There's a conversation in my favorite western movie Unforgiven that goes like this: Little Bill Daggett is about to be shot by Will Muny and he tells Muny that " I don't deserve to die like this. I was building a house." Muny replies with "Deserve's got nothin' to do with it."
I thought of that conversation after last week's appearance by the CEOs of the big three automakers before Congress. It was by all accounts a disaster for them and their respective companies. They have no one to blame but themselves.
I'm not blaming the CEOs, mind you, for poor performance during the hearing although certainly they did that. Or more accurately, it's what they didn't say or do. They failed to prepare themselves by having a business plan ready for how the bailout money would be invested and what improvements should be expected from that money. They also nixed the idea of taking less compensation for themselves nor did they offer resignation in order to effect change. And of course they committed a major faux pas by flying in separately in their Gulfstreams.

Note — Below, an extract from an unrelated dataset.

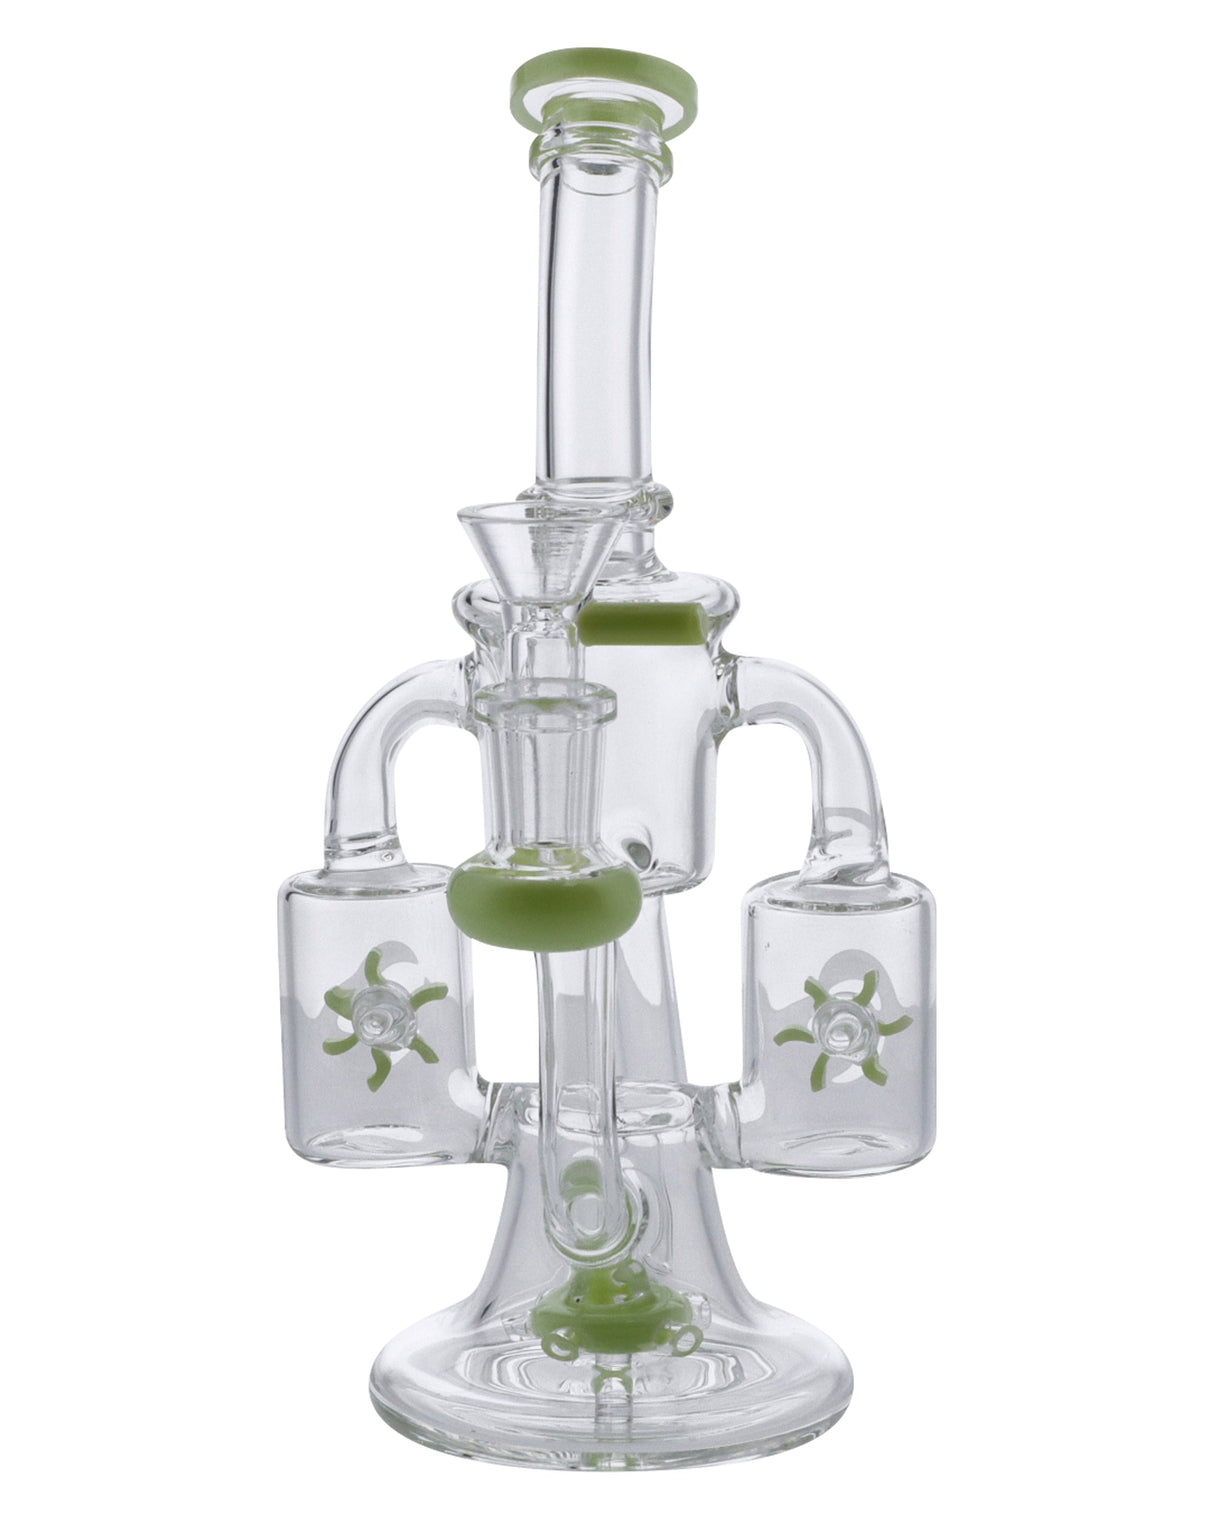 Milky Green Borosilicate Glass Water Pipe with Quartz Nail & Bowl by Valiant Distribution

Despite the CEO's intransigent positions the real problem with the automakers is that they and the UAW haven't and can't adapt to the changed automobile market. The global economy that arose during the last thirty/forty years allowed high quality automobiles to be built abroad or in the U.S. and sold here at prices cheaper than what the big three sold their cars for. In fact during that time the UAW continued to bargain for and get higher wages and benefits to the point now that the auto companies cannot be competitive with foreign-owned automakers. It's now reached a tipping point but unlike what GM's CEO would have you believe it's not related to the current financial situation. Today's financial conditions have added fuel to the situation but the current situation the big three find themselves in has been coming for at least the last thirty years. Management and the UAW finally cooperated--but in the worst possible thing--failure to change.
Unfortunately for me I'm familiar with that type of thinking. My former company rocked in the eighties and early nineties and then failed to adapt to the changing market. Now the company has closed plants, laid off hundreds and is desperately trying to survive. But at least they acknowledged they had to do something to adjust.
Last week's appearances by the CEOs reinforced my thought that they don't get it. They're still living in a dream world with god knows how many brands and $150,000 a year employees. They need to go legally bankrupt because they're already there. That doesn't mean closure. It means starting over with new and realistic labor contracts and a slimmed down product base and distribution channels.
Unfortunately, it's not going to happen because their Democratic supporters are going to bail them out. That party doesn't believe they can lose that political base. When the CEOs show back up in December hat in hand, they'll get their bailout. But deserve's got nothing to do with it.
I was wondering about that $150,000 / year salary for assembly plant workers myself. There were days when I thought I was overpaid as a systems analyst, making not quite half that salary. Dang.